- Problem to work on -
The required result is an exact copy of every line from the one with "1つのチップで加速度センサー" through the last line below, with the pictures left out.

- Given data -
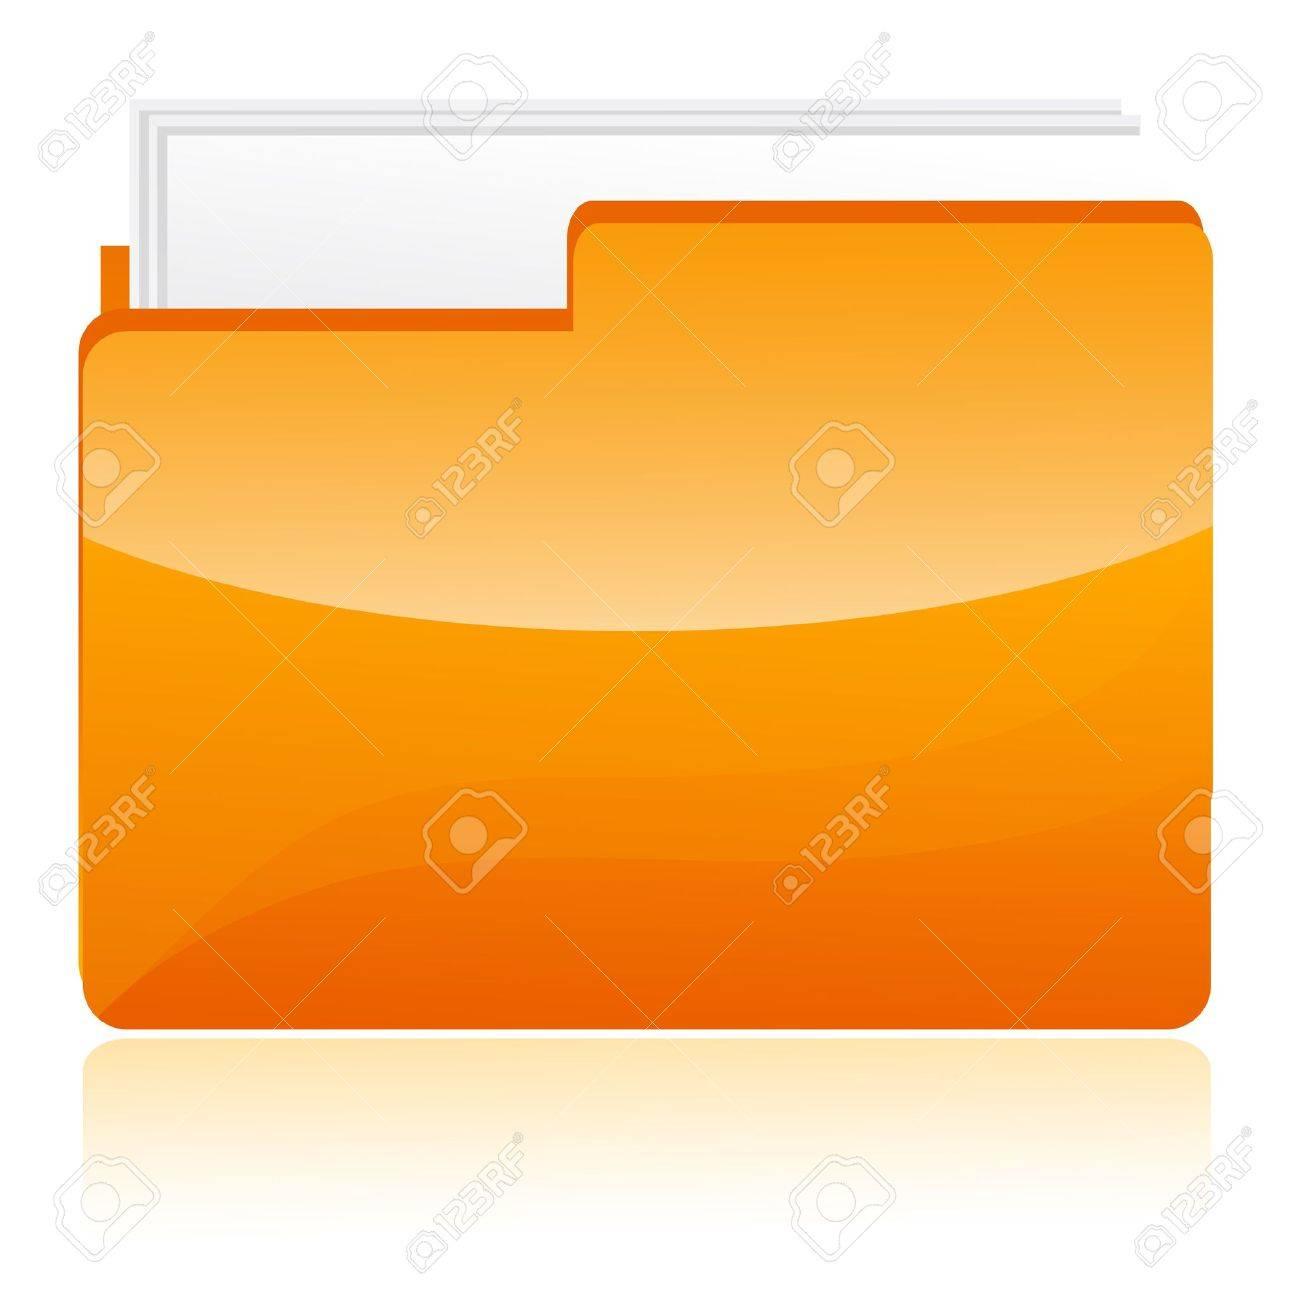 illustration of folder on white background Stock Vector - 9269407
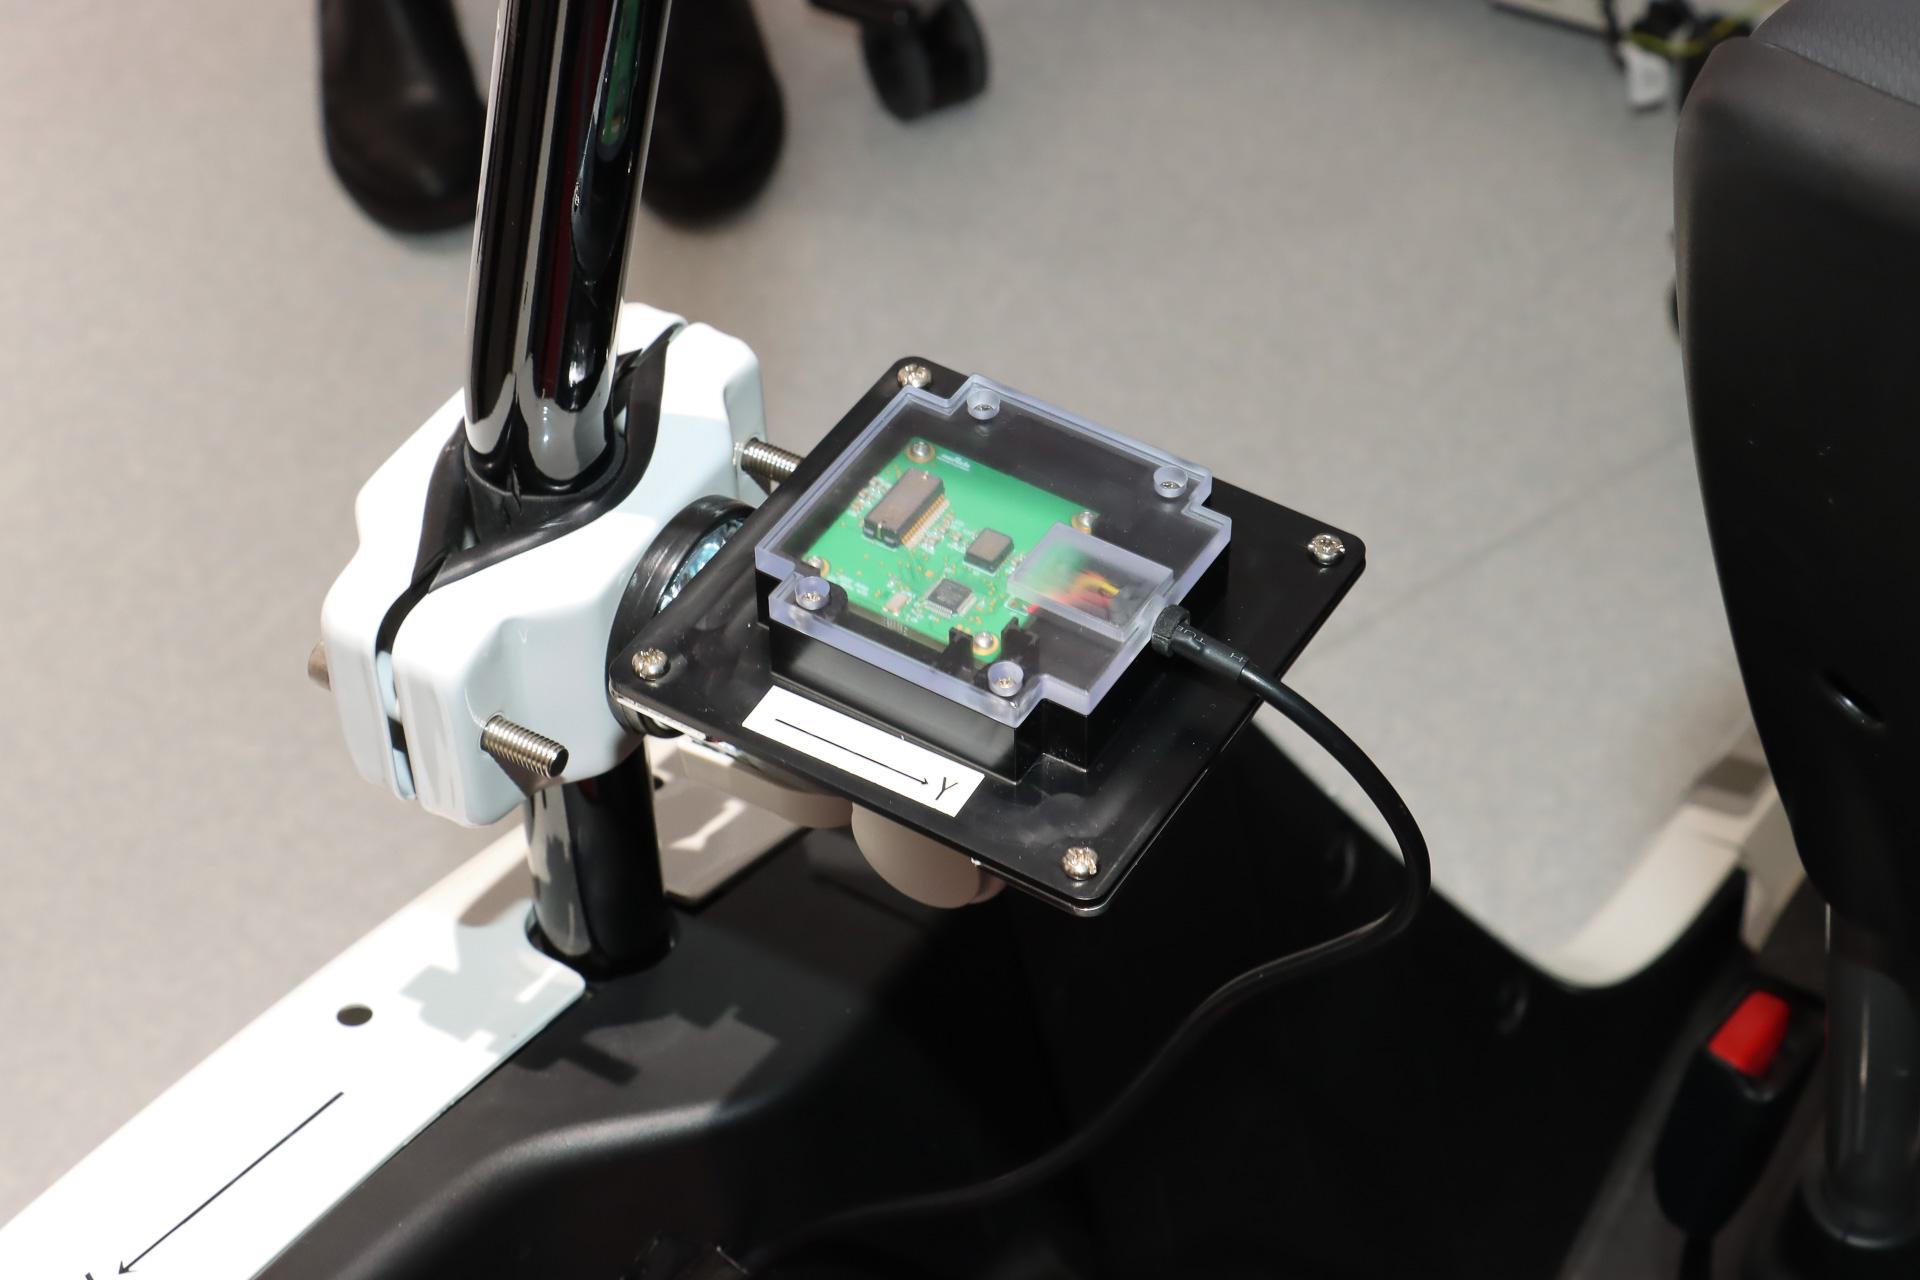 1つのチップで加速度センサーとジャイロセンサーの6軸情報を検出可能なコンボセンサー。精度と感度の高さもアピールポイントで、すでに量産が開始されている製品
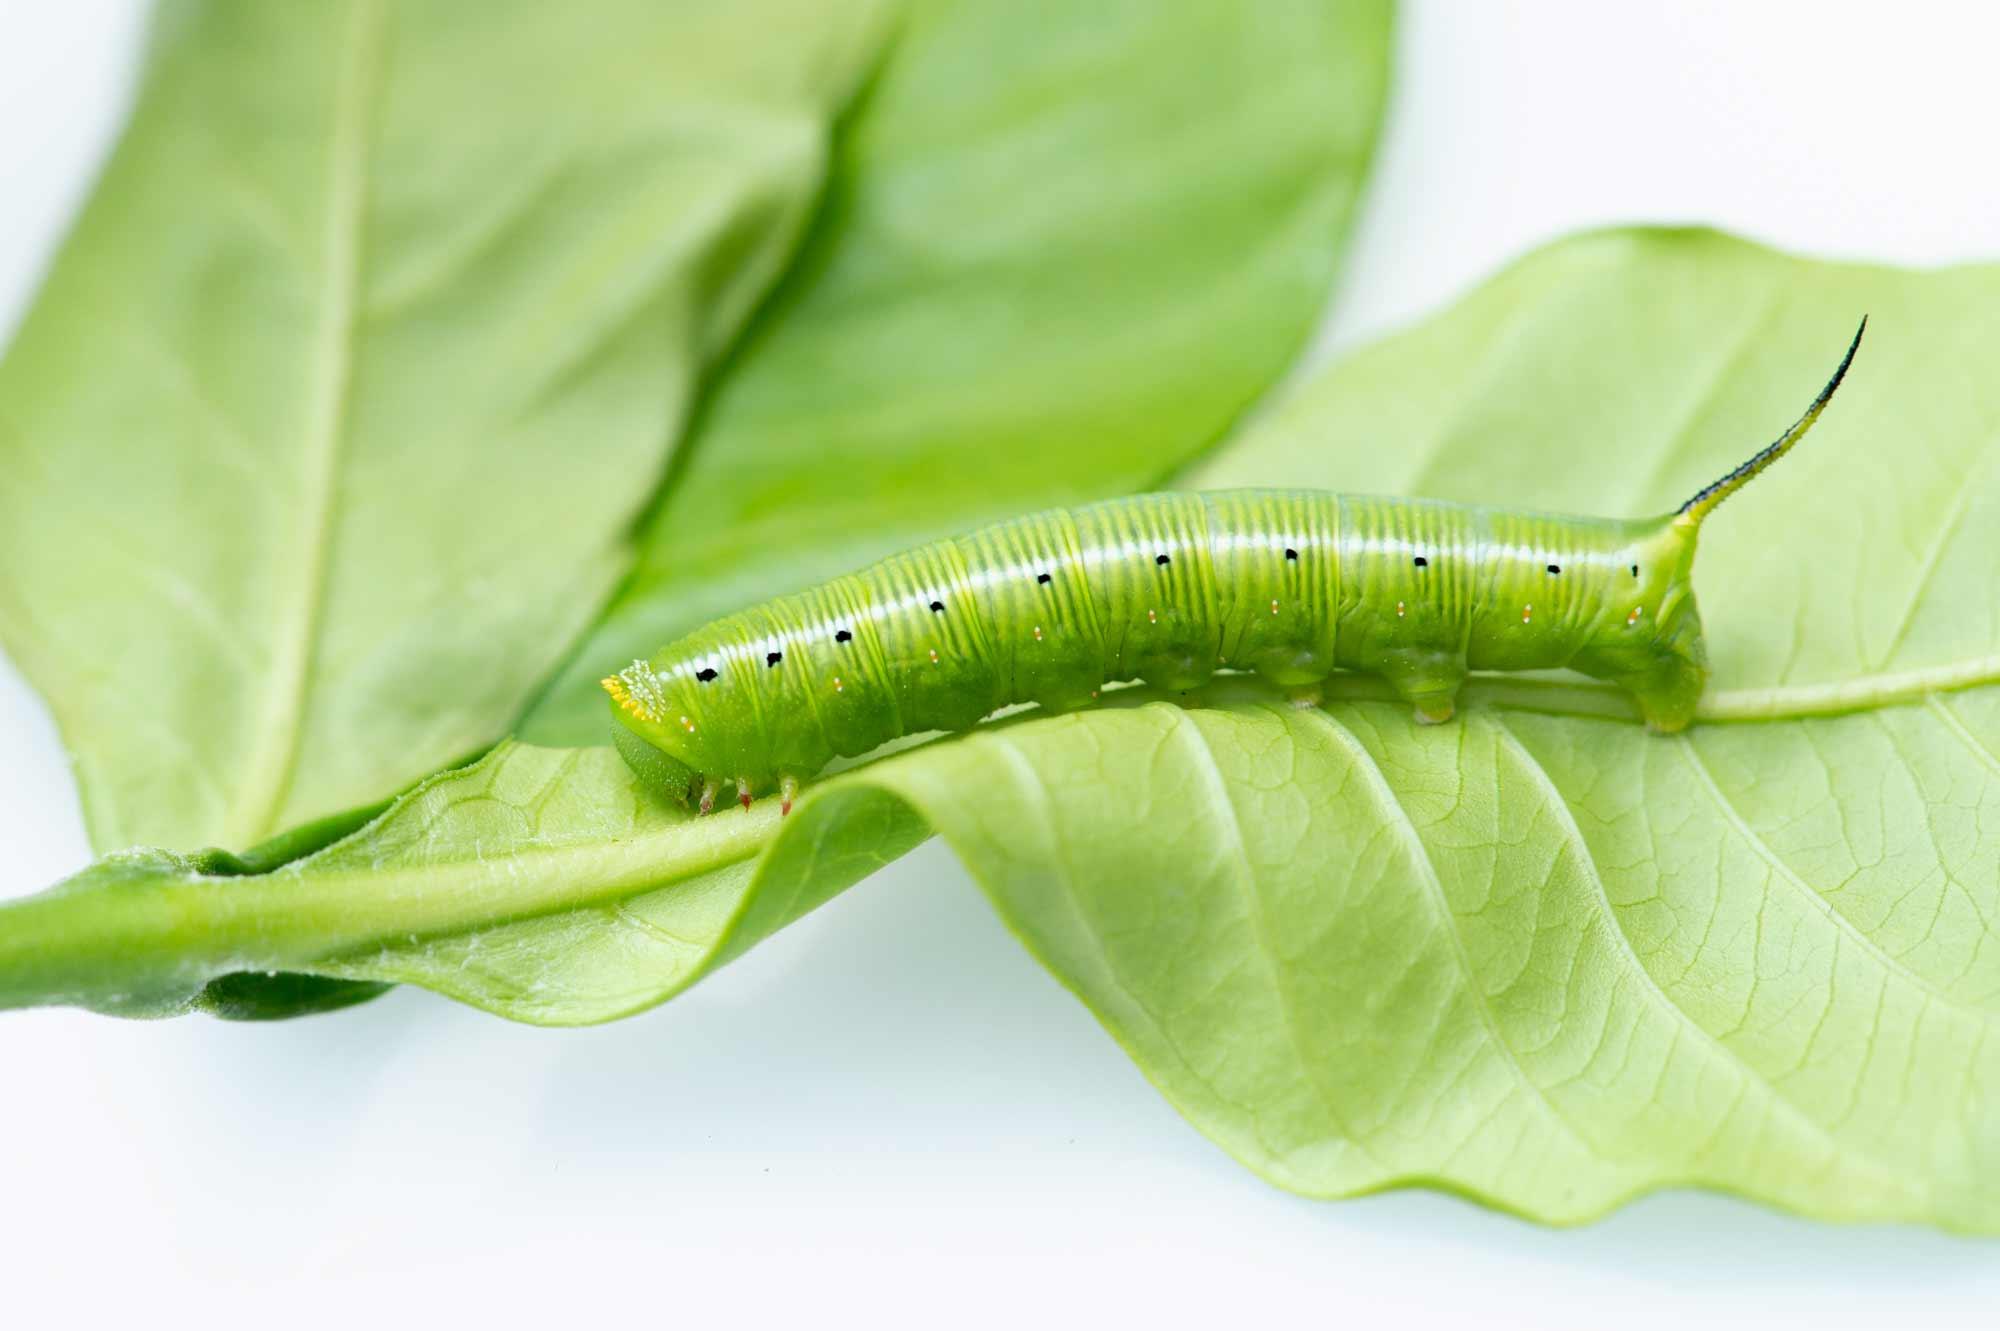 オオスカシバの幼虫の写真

- Exercise answer -
 1つのチップで加速度センサーとジャイロセンサーの6軸情報を検出可能なコンボセンサー。精度と感度の高さもアピールポイントで、すでに量産が開始されている製品
 オオスカシバの幼虫の写真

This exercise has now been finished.